At bystry jet introduction or at administration of drug in doses which considerably exceed therapeutic the hyperpotassemia and a gipermagniyemiya develop.

Hyperpotassemia symptoms: general weakness, paresthesias, disturbance of conductivity of a myocardium, paralysis, bradycardia. Very high potassium concentration in plasma can lead to death as a result of oppression of cordial activity, arrhythmia or a cardiac standstill.

Gipermagniyemiya symptoms: nausea, vomiting, diarrhea, drowsiness, hypotension, weakness, the muffled speech, doubling in eyes, a disorientation, dizziness, bradycardia. At very high concentration of magnesium in plasma the hyporeflexia, neuromuscular blockade, respiratory depression and a cardiac standstill can develop.

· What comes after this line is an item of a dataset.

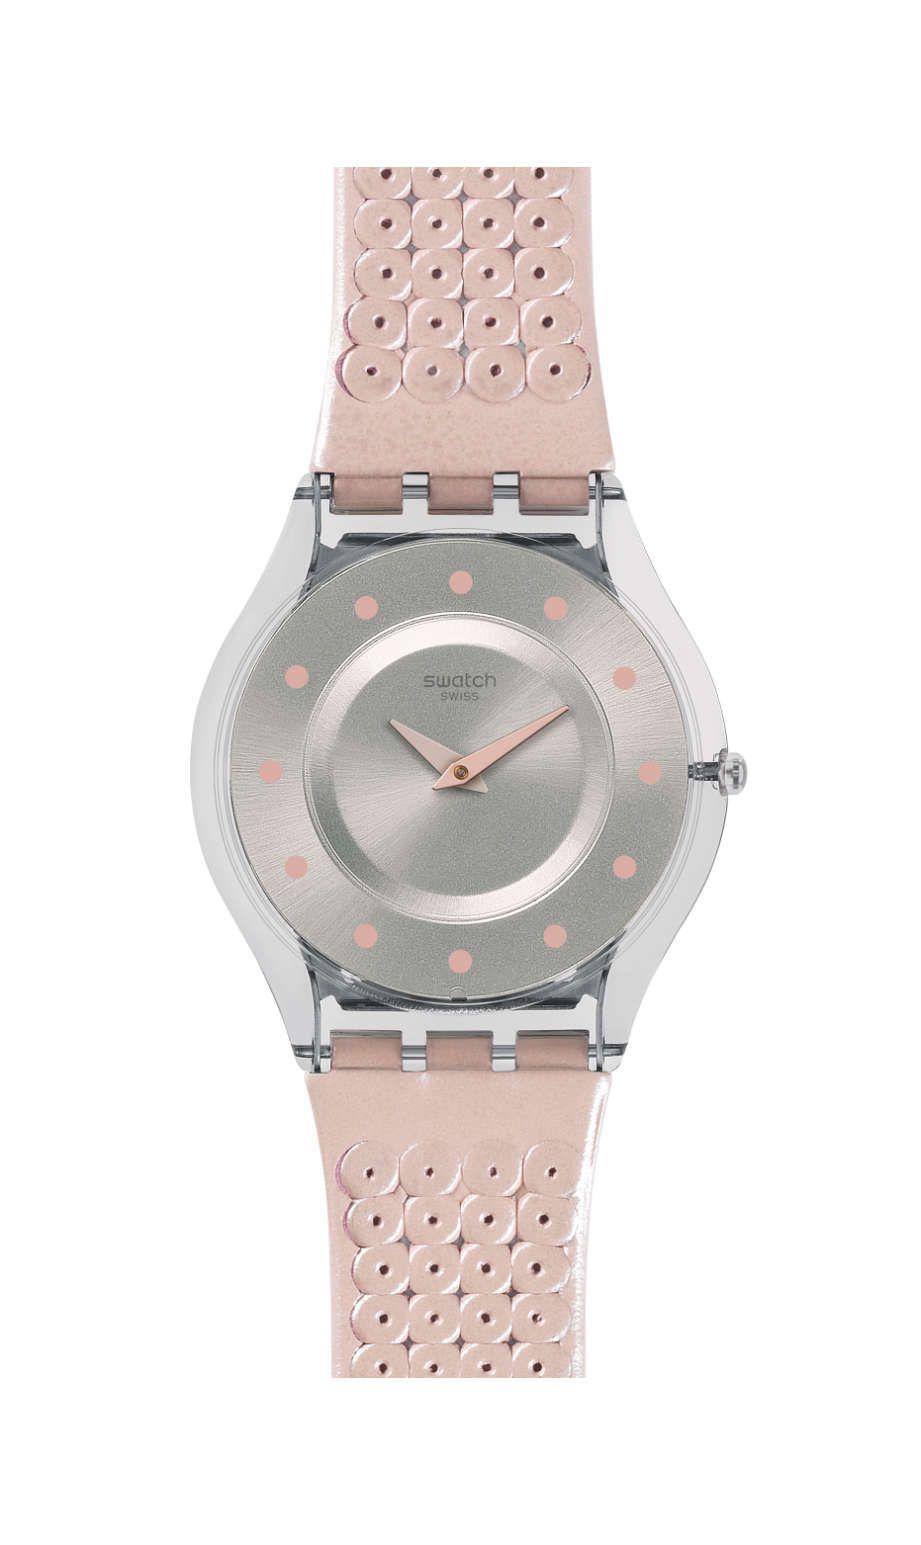 Cipria Swatch Watch Swatch Watches Reloj Joyas Tous Y

In such cases it is necessary to enter calcium a gluconate or Calcii chloridum of 10% 10-40 ml (depending on weight of overdose), to hold events for maintenance of breath and a hemodynamics, symptomatic therapy. In case of a serious poisoning at insufficient efficiency of the listed actions carrying out a hemodialysis is shown.

Storage conditions:

Period of validity 2 years. Not to use drug after the termination of the period of validity specified on packaging. To store in the place protected from light at a temperature from 15 °C to 25 °C. To store in the place, unavailable to children.

Issue conditions:

According to the recipe

Packaging:

On 5 ml or 10 ml, or 20 ml in an ampoule. On 10 ampoules in a pack.